(Stored data)
--*--

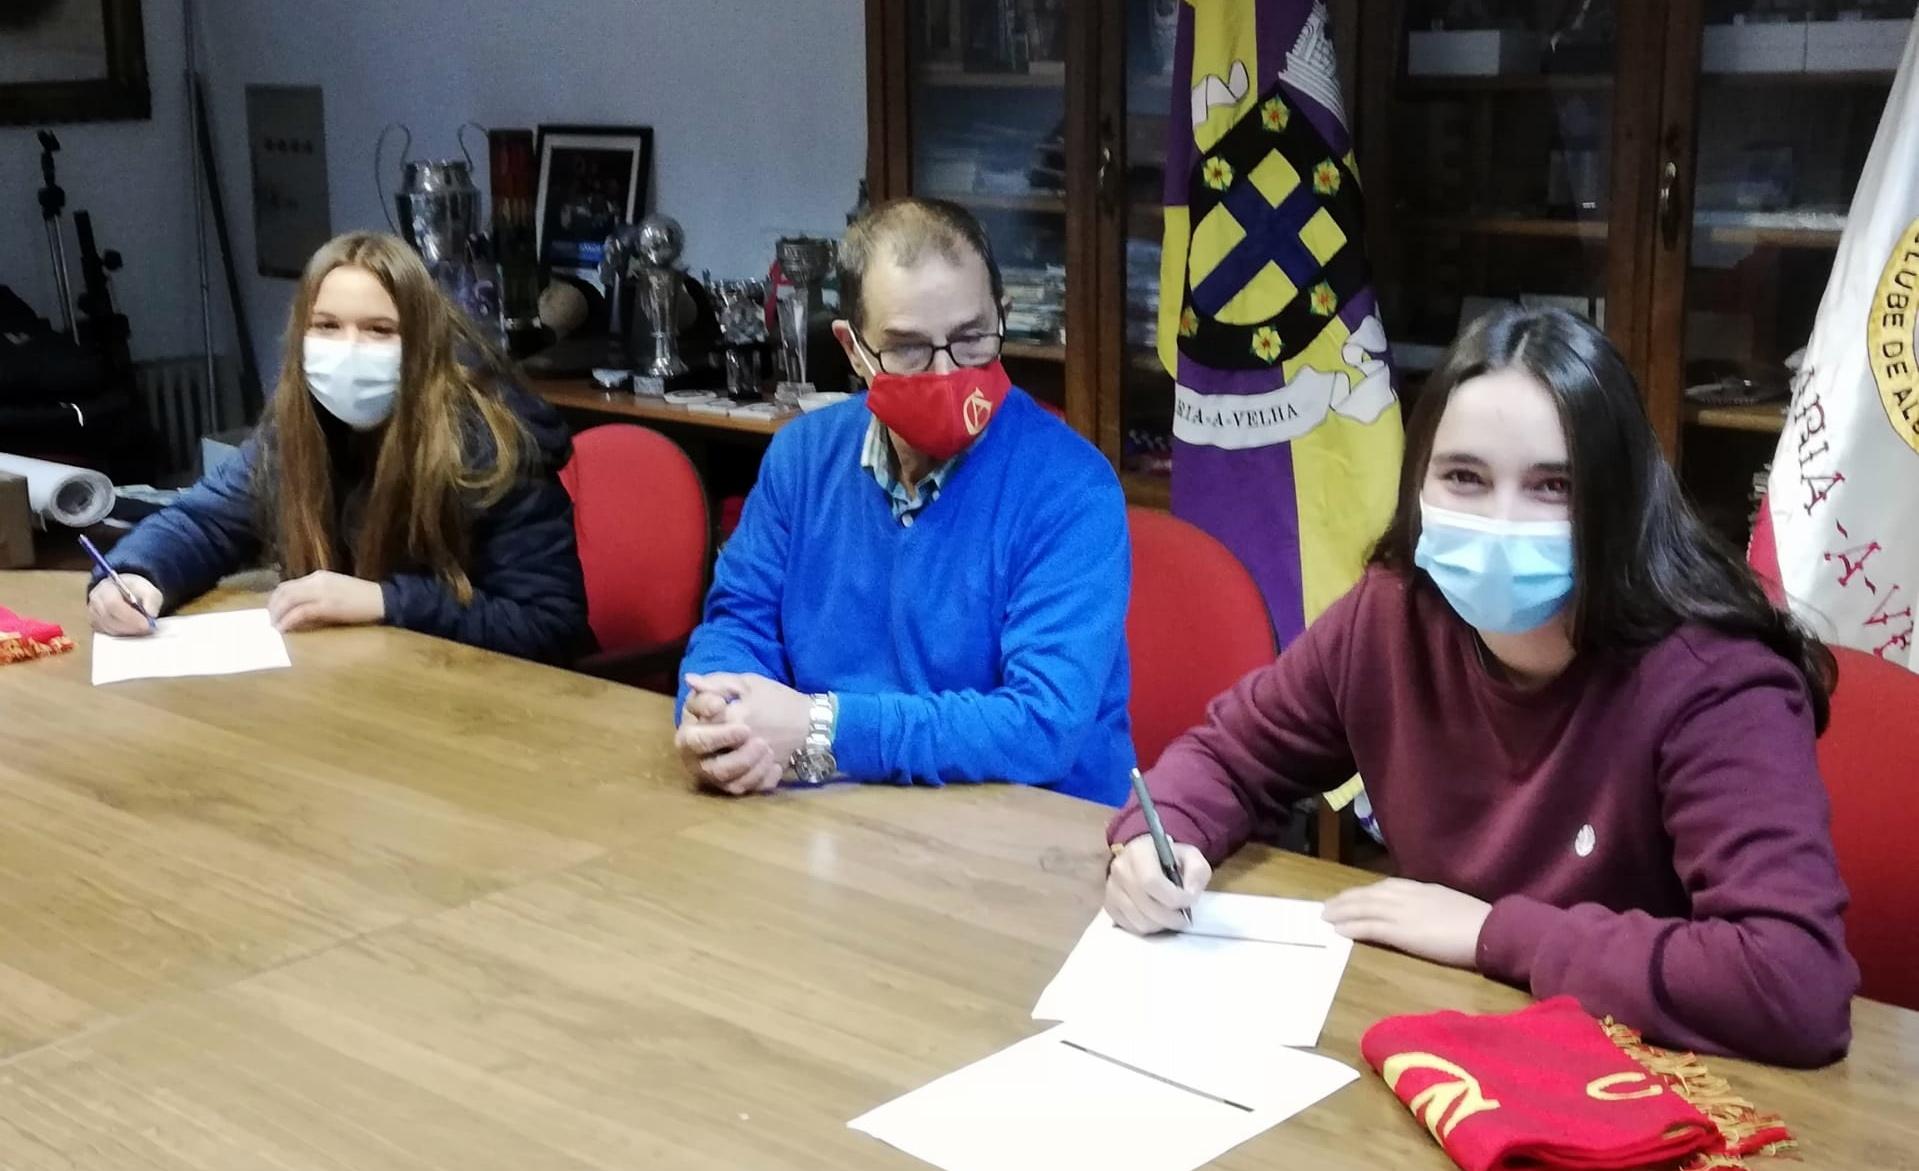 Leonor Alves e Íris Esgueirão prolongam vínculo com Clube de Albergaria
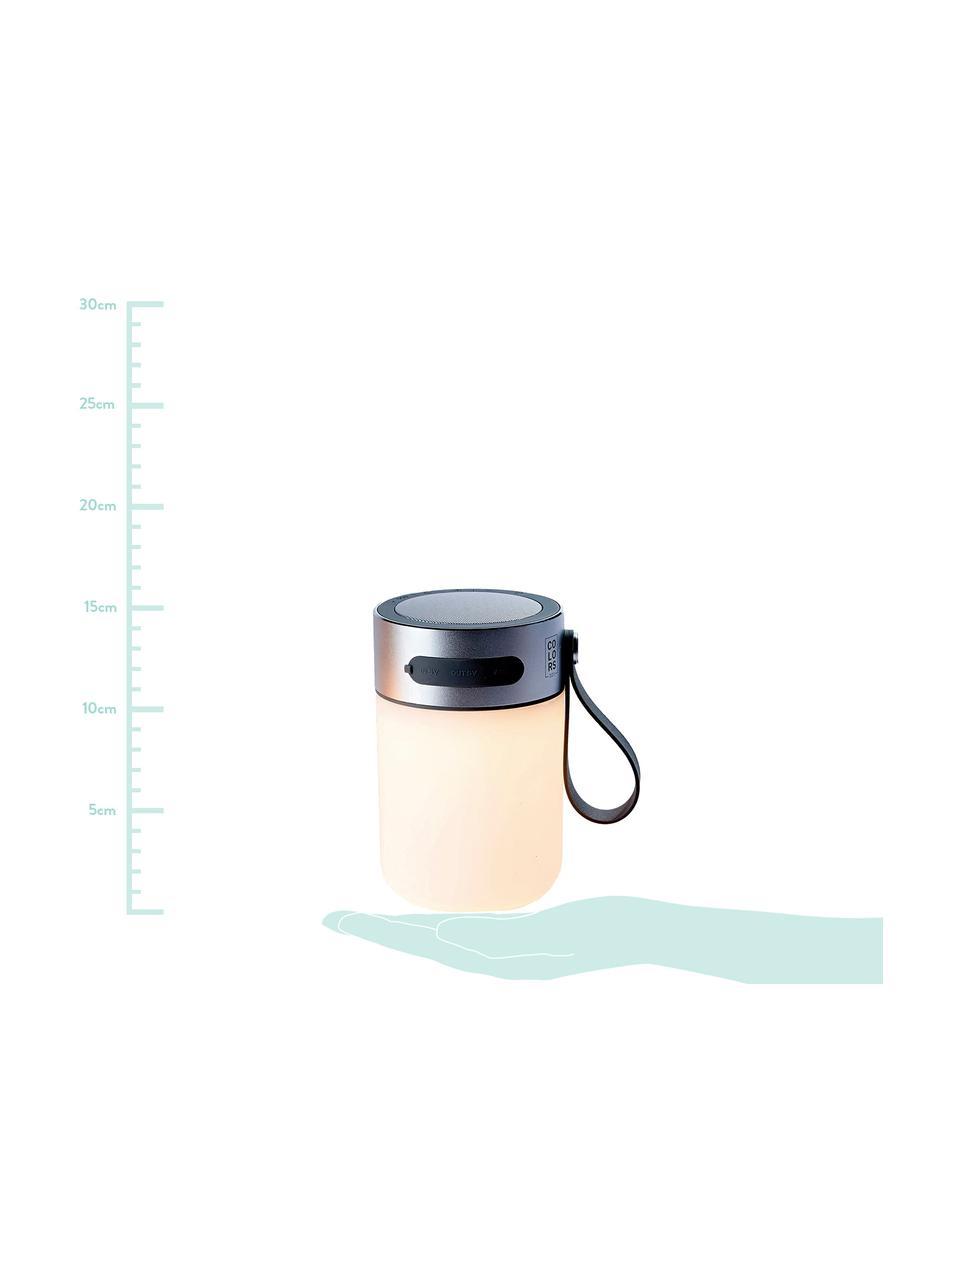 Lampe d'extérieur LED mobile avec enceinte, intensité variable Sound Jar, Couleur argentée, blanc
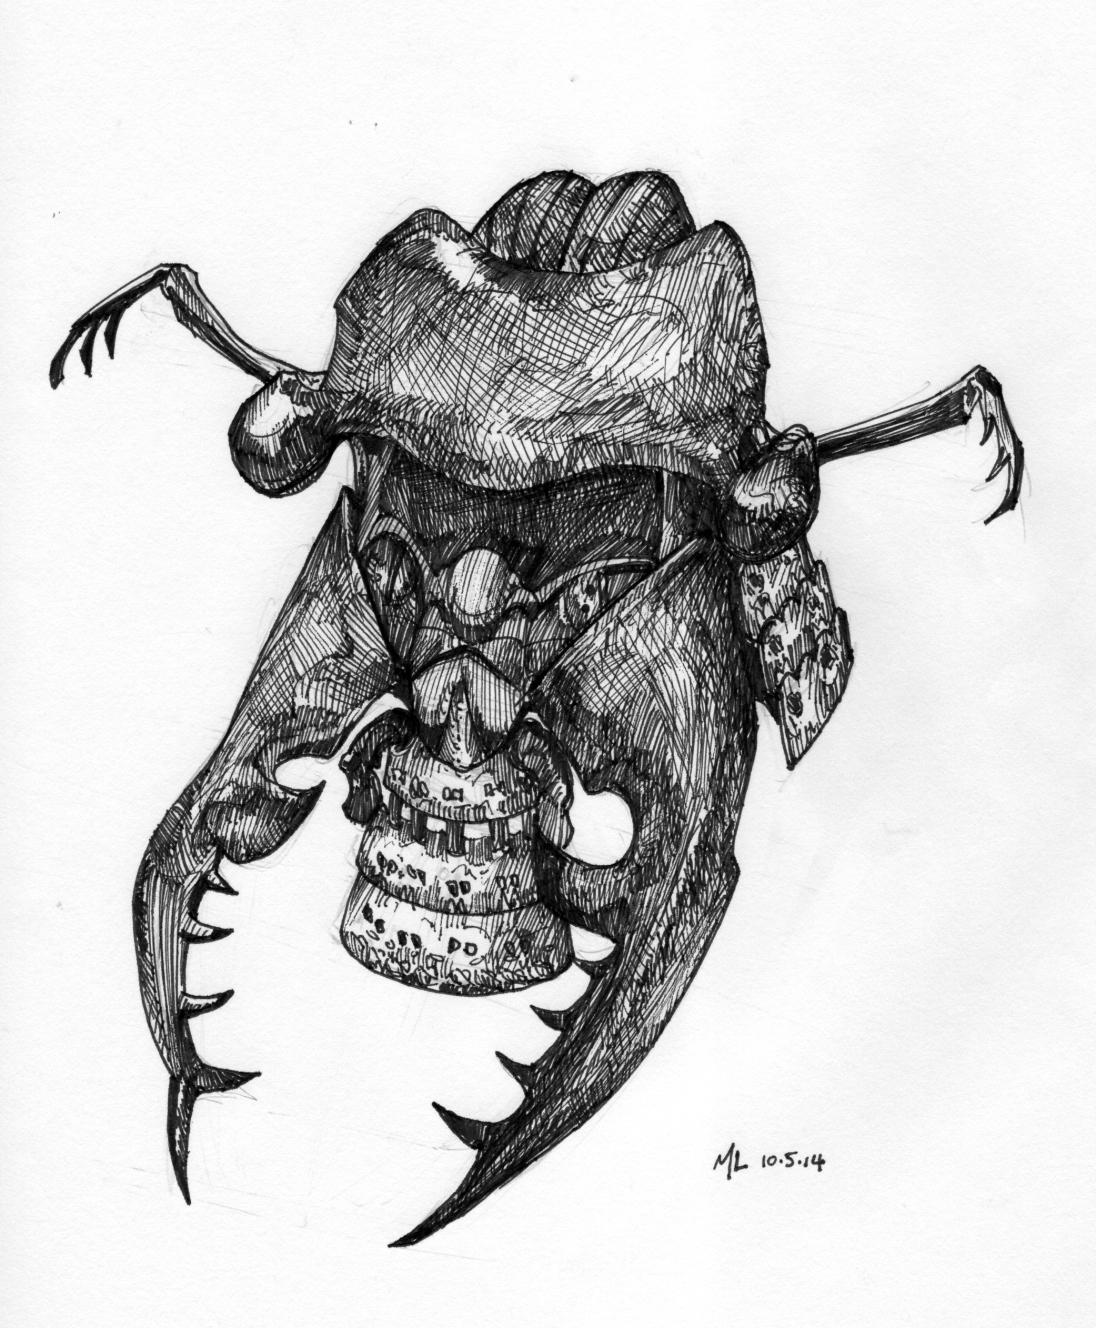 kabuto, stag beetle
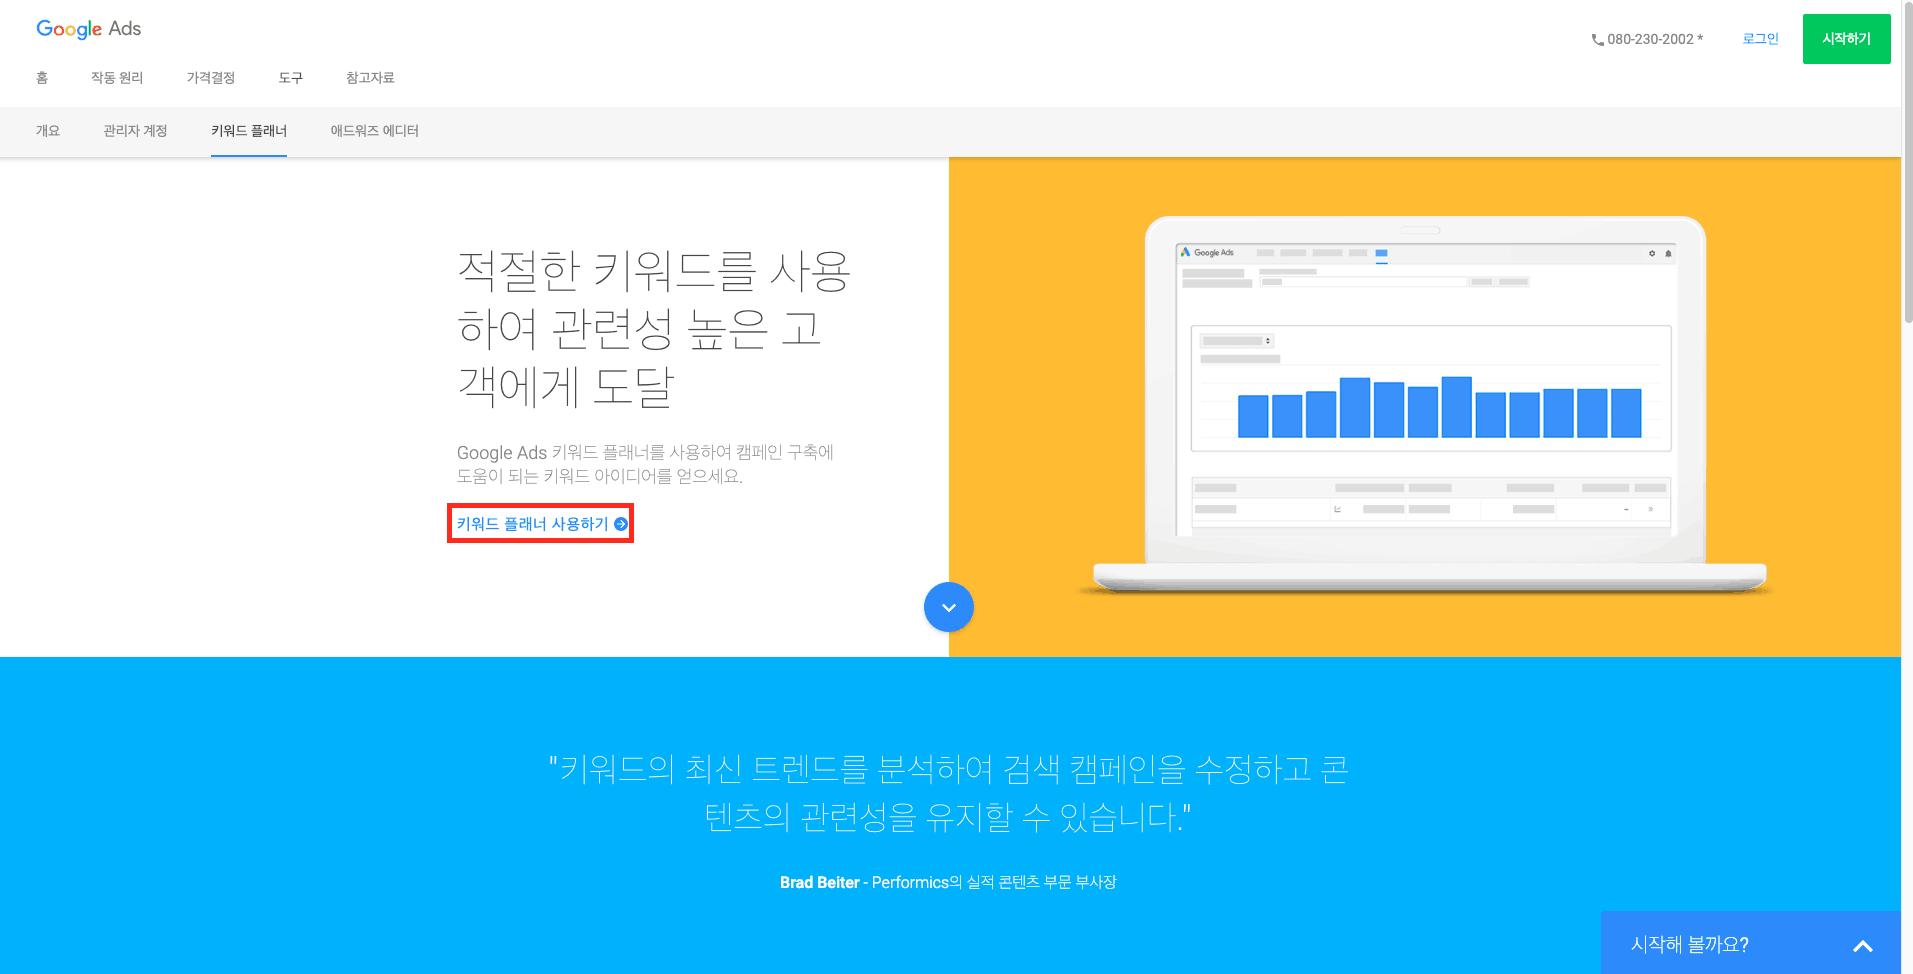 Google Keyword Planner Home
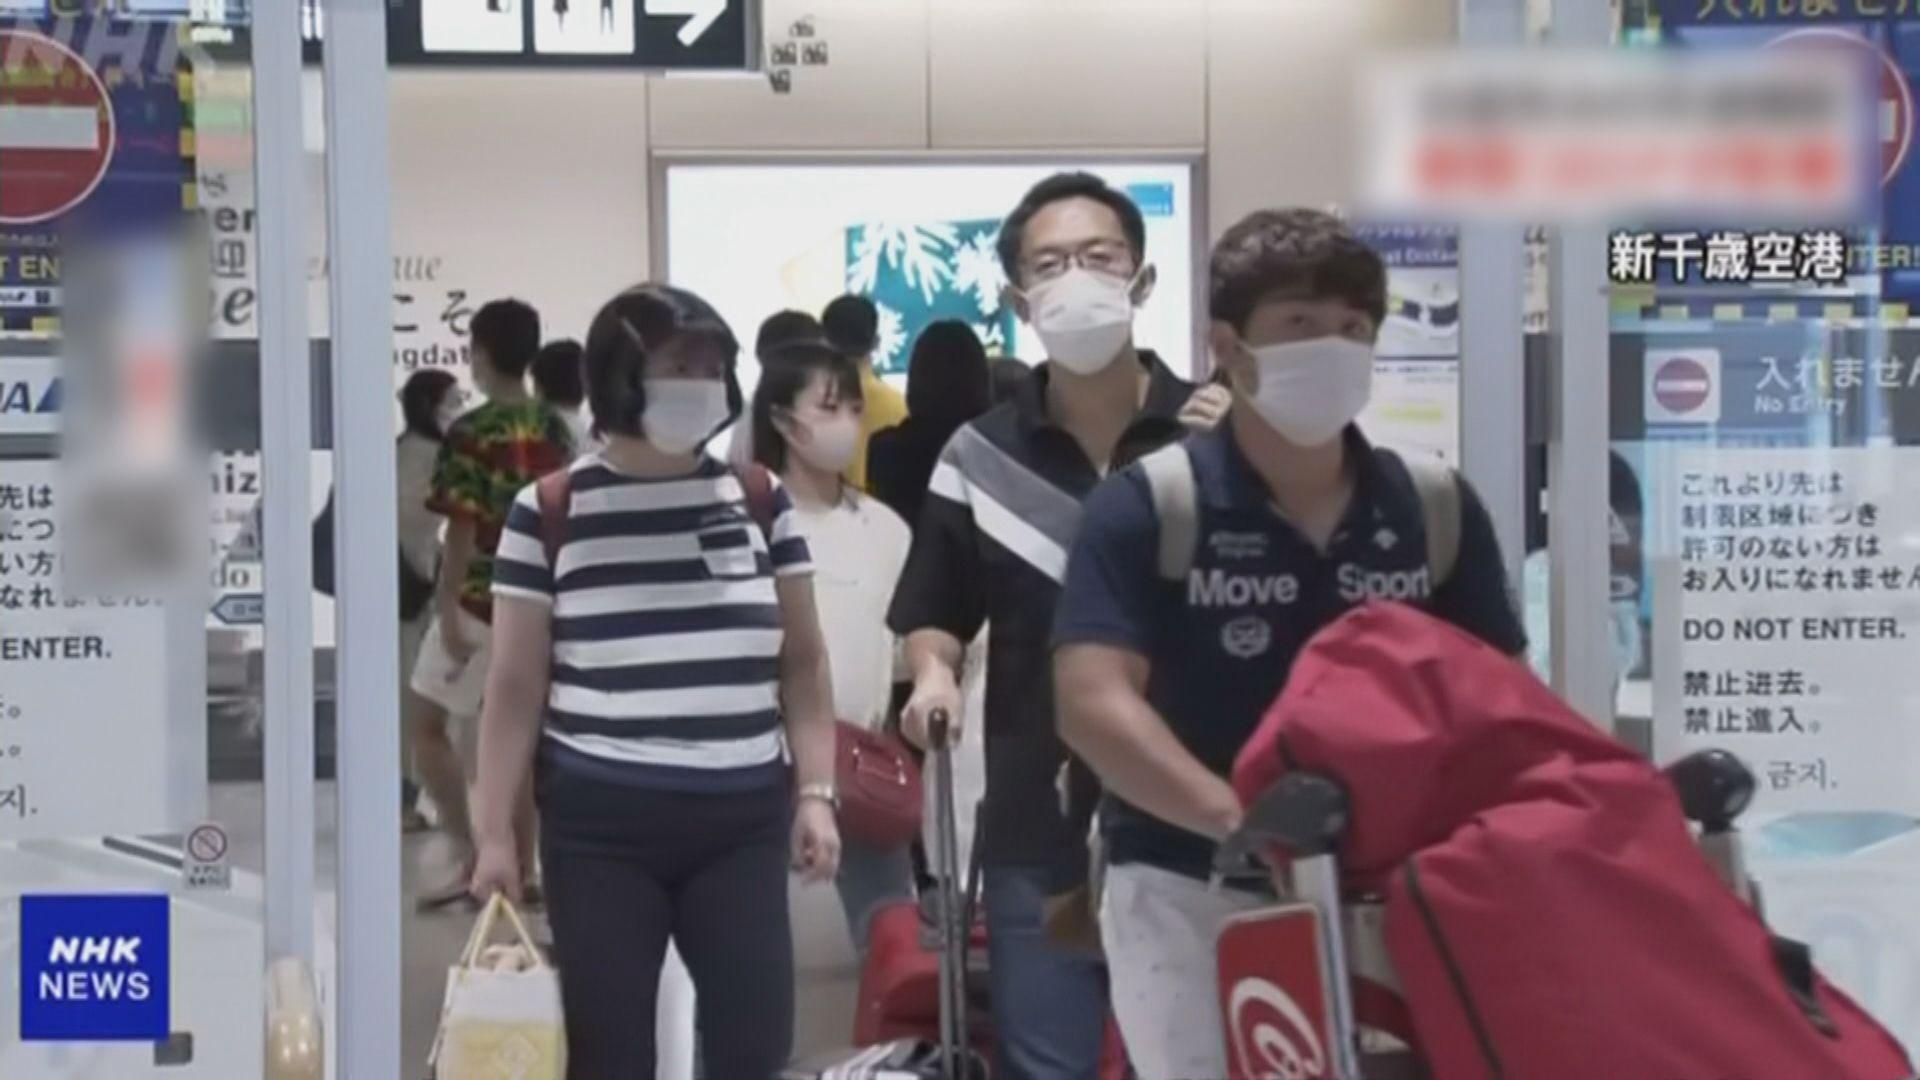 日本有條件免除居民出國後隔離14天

--*--

## What you have to do:
Retype the lines starting with the one that holds "Lampe d'extérieur LED" and ending with the last line of the data above, both included; skip the pictures.

## Response area:
 Lampe d'extérieur LED mobile avec enceinte, intensité variable Sound Jar, Couleur argentée, blanc
 kabuto, stag beetle
 Google Keyword Planner Home
 日本有條件免除居民出國後隔離14天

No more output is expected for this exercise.